There is the one thing that we can do in the stillness, in the dark, as we wait, and that is know who God is by remembering, remembering the times he has been there historically for humanity, individually in our own lives, and the promises he has kept and made to us.

It’s what Jesus does when he is confronted with the dark night of the soul. Jesus, the Son of God, God himself, cries out on the cross “My God, my God why have you forsaken me?” When does so, in the midst of pain and darkness, he is quoting Psalm 22, which moves from despair to remembering who God is and how He is faithful to us. Psalm 22 the words of David, the words of Jesus reads  “My God, my God, why have you forsaken me? Why are you so far from saving me, so far from the words of my groaning?  O my God, I cry out by day, but you do not answer, by night, and am not silent.  Yet you are enthroned as the Holy One; you are the praise of Israel. In you our fathers put their trust; they trusted and you delivered them.  They cried to you and were saved; in you they trusted and were not disappointed.”
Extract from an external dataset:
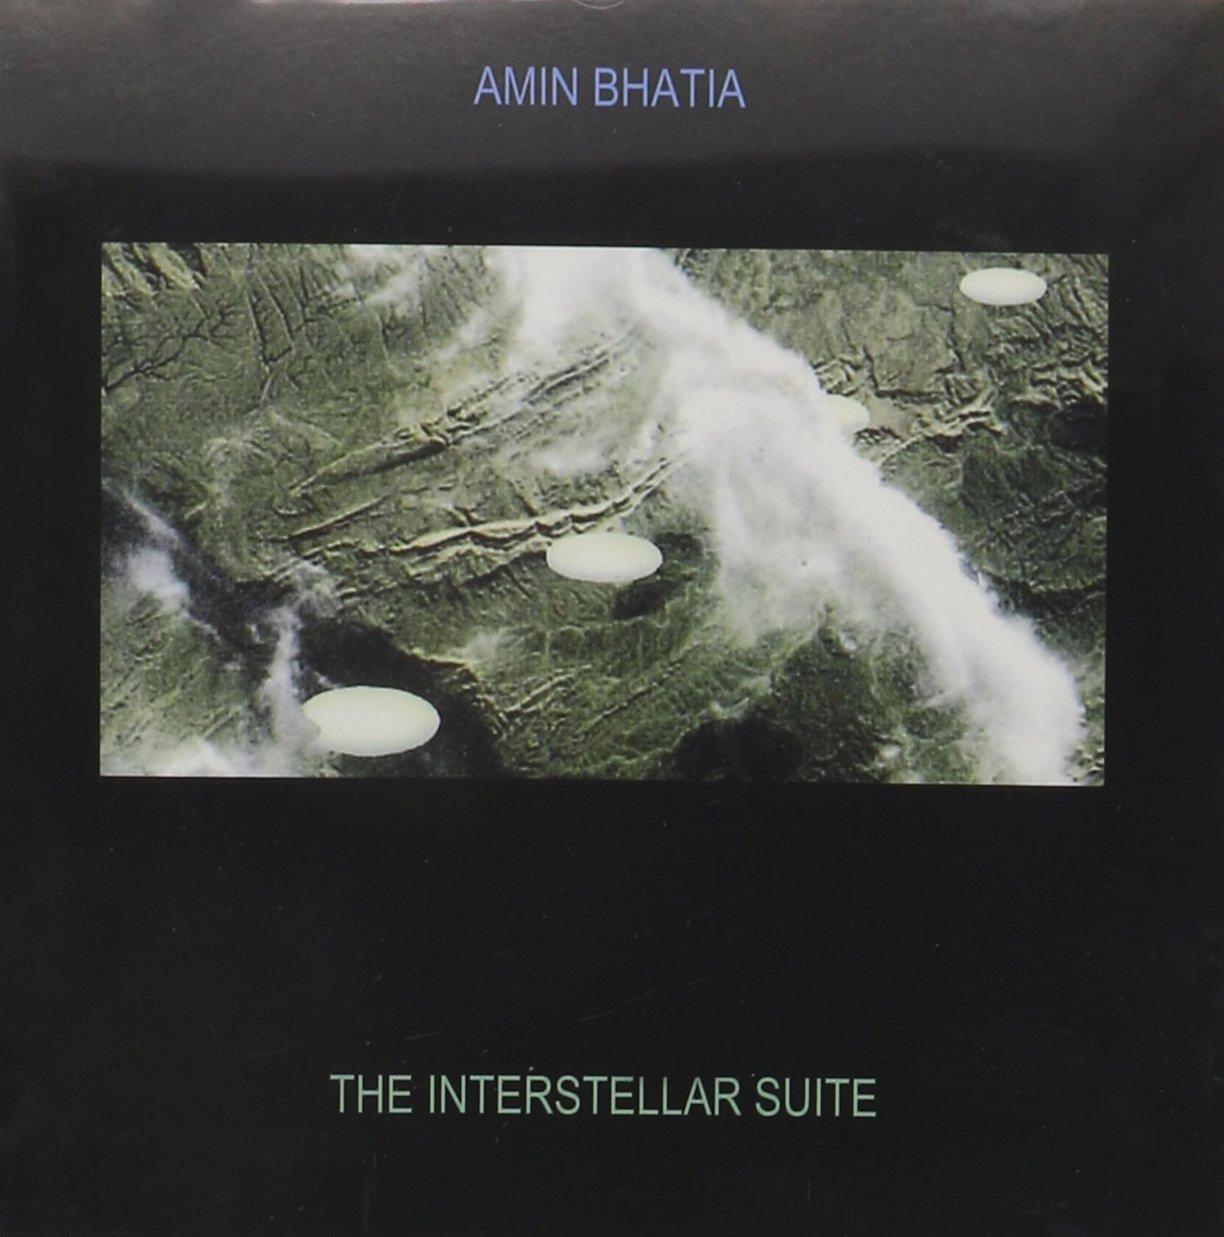 Interstellar Suite
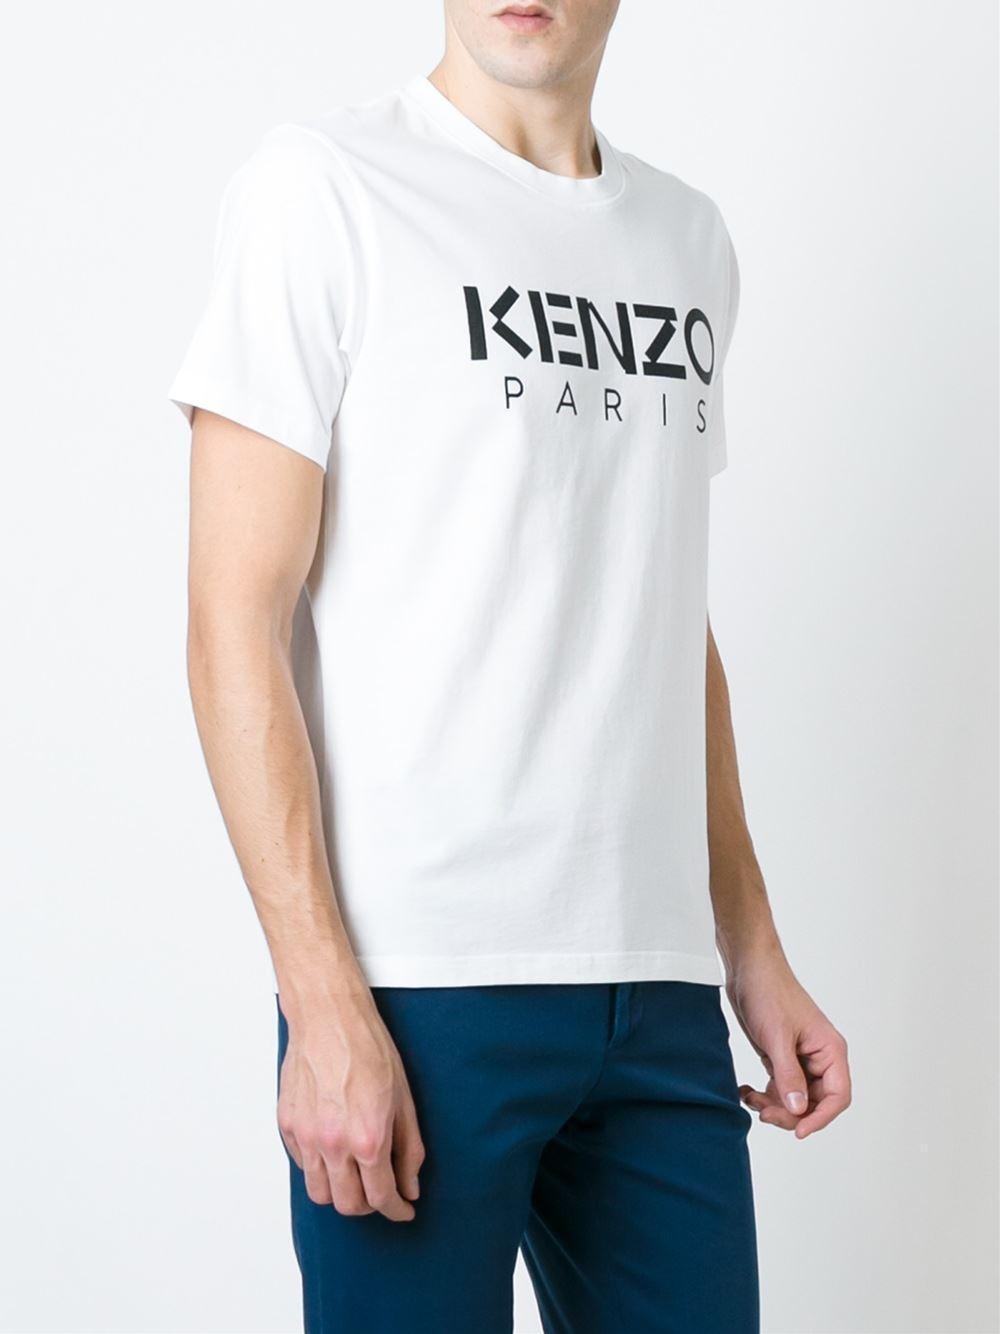 kenzo paris t shirt men cotton m in white for men lyst. Black Bedroom Furniture Sets. Home Design Ideas

I leave it to you, whatever season your spiritual walk may be in, to remember individually the times God has been there for you, the places that he has shown up. Remember that God is faithful to keep his promises and that even the darkest night eventually has a dawn. That most often the dark night of the soul is the only place we grow in spiritual meekness, patience, and trust in the Lord. That when God says to wait patiently for him, to be still and know Him, to remember who He is and the promises He has made, He is faithful, his promises are an anchor for our souls (Hebrews 6:19).